Publisher: Springer Science & Business Media
ISBN: 9780387257600
Category : Business & Economics
Languages : en
Pages : 412
Book Description
The basic characteristic of Modern Linear and Nonlinear Econometrics is that it presents a unified approach of modern linear and nonlinear econometrics in a concise and intuitive way. It covers four major parts of modern econometrics: linear and nonlinear estimation and testing, time series analysis, models with categorical and limited dependent variables, and, finally, a thorough analysis of linear and nonlinear panel data modeling. Distinctive features of this handbook are: -A unified approach of both linear and nonlinear econometrics, with an integration of the theory and the practice in modern econometrics. Emphasis on sound theoretical and empirical relevance and intuition. Focus on econometric and statistical methods for the analysis of linear and nonlinear processes in economics and finance, including computational methods and numerical tools. -Completely worked out empirical illustrations are provided throughout, the macroeconomic and microeconomic (household and firm level) data sets of which are available from the internet; these empirical illustrations are taken from finance (e.g.
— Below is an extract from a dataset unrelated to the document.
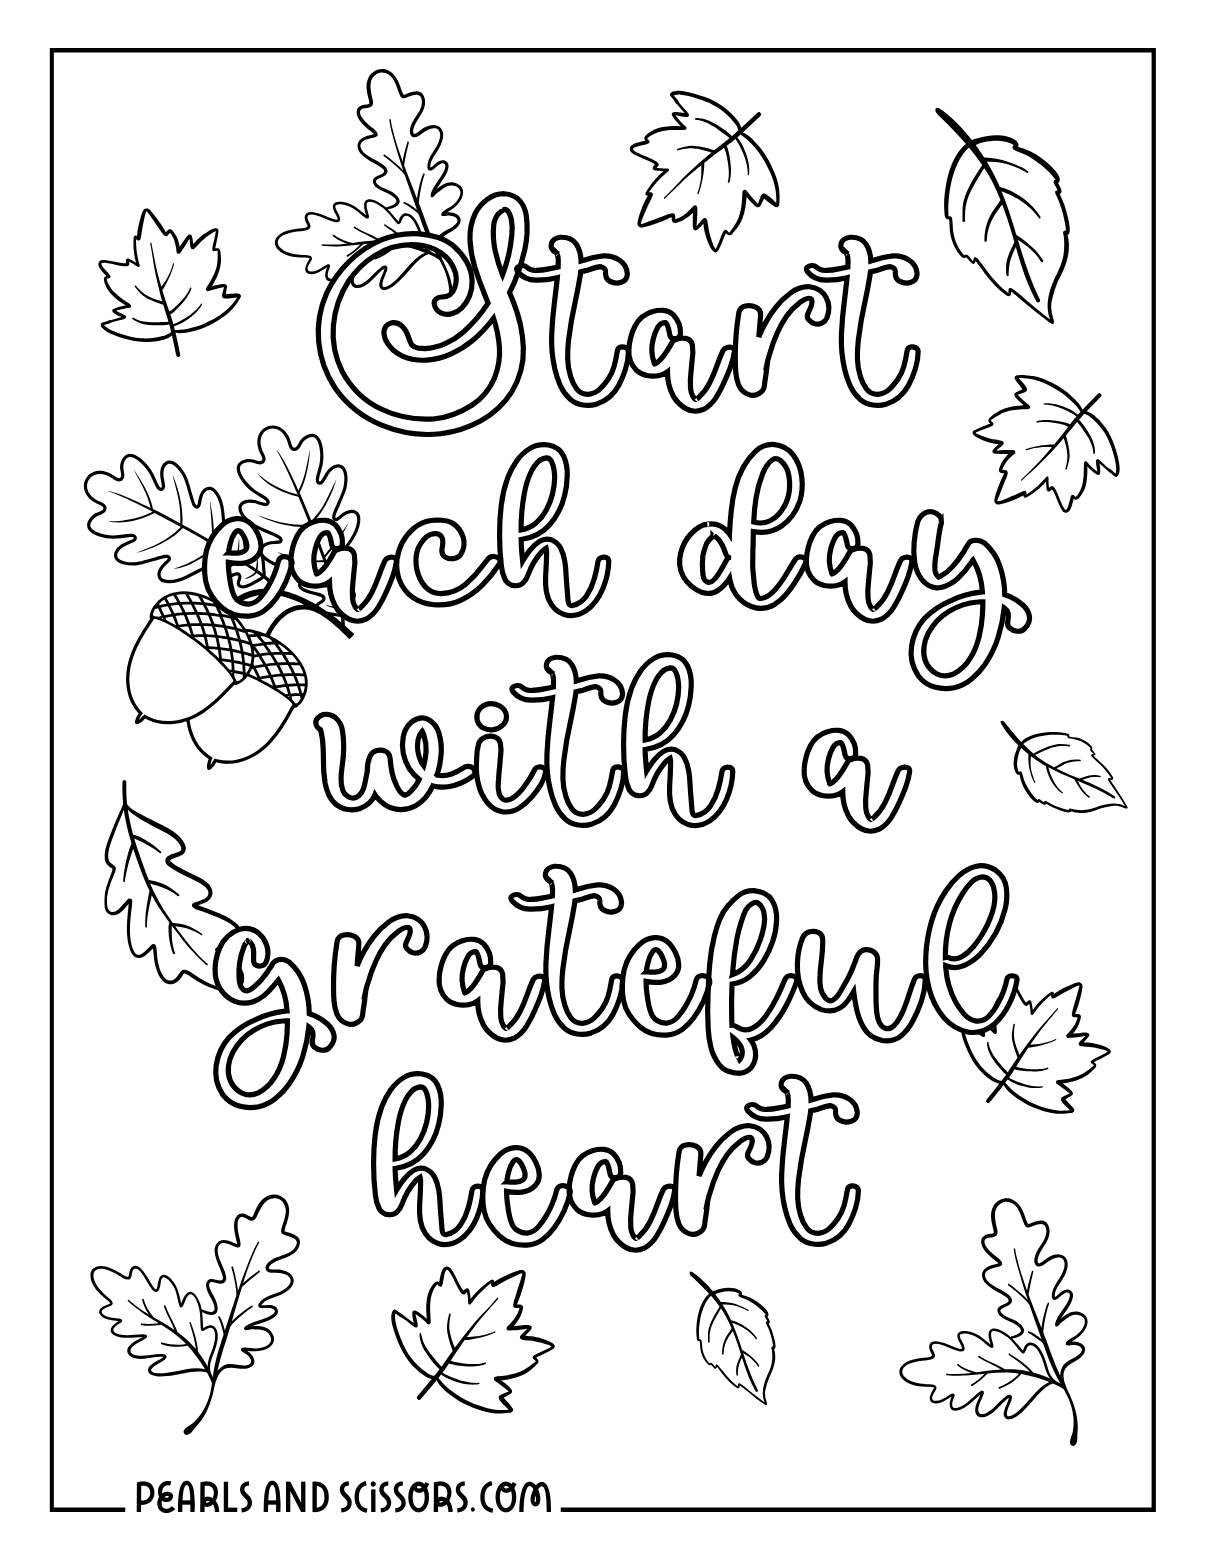 Thanksgiving gratitude quote coloring page for adults.

CAPM and derivatives), international economics (e.g. exchange rates), innovation economics (e.g. patenting), business cycle analysis, monetary economics, housing economics, labor and educational economics (e.g. demand for teachers according to gender) and many others. -Exercises are added to the chapters, with a focus on the interpretation of results; several of these exercises involve the use of actual data that are typical for current empirical work and that are made available on the internet. What is also distinguishable in Modern Linear and Nonlinear Econometrics is that every major topic has a number of examples, exercises or case studies. By this `learning by doing' method the intention is to prepare the reader to be able to design, develop and successfully finish his or her own research and/or solve real world problems.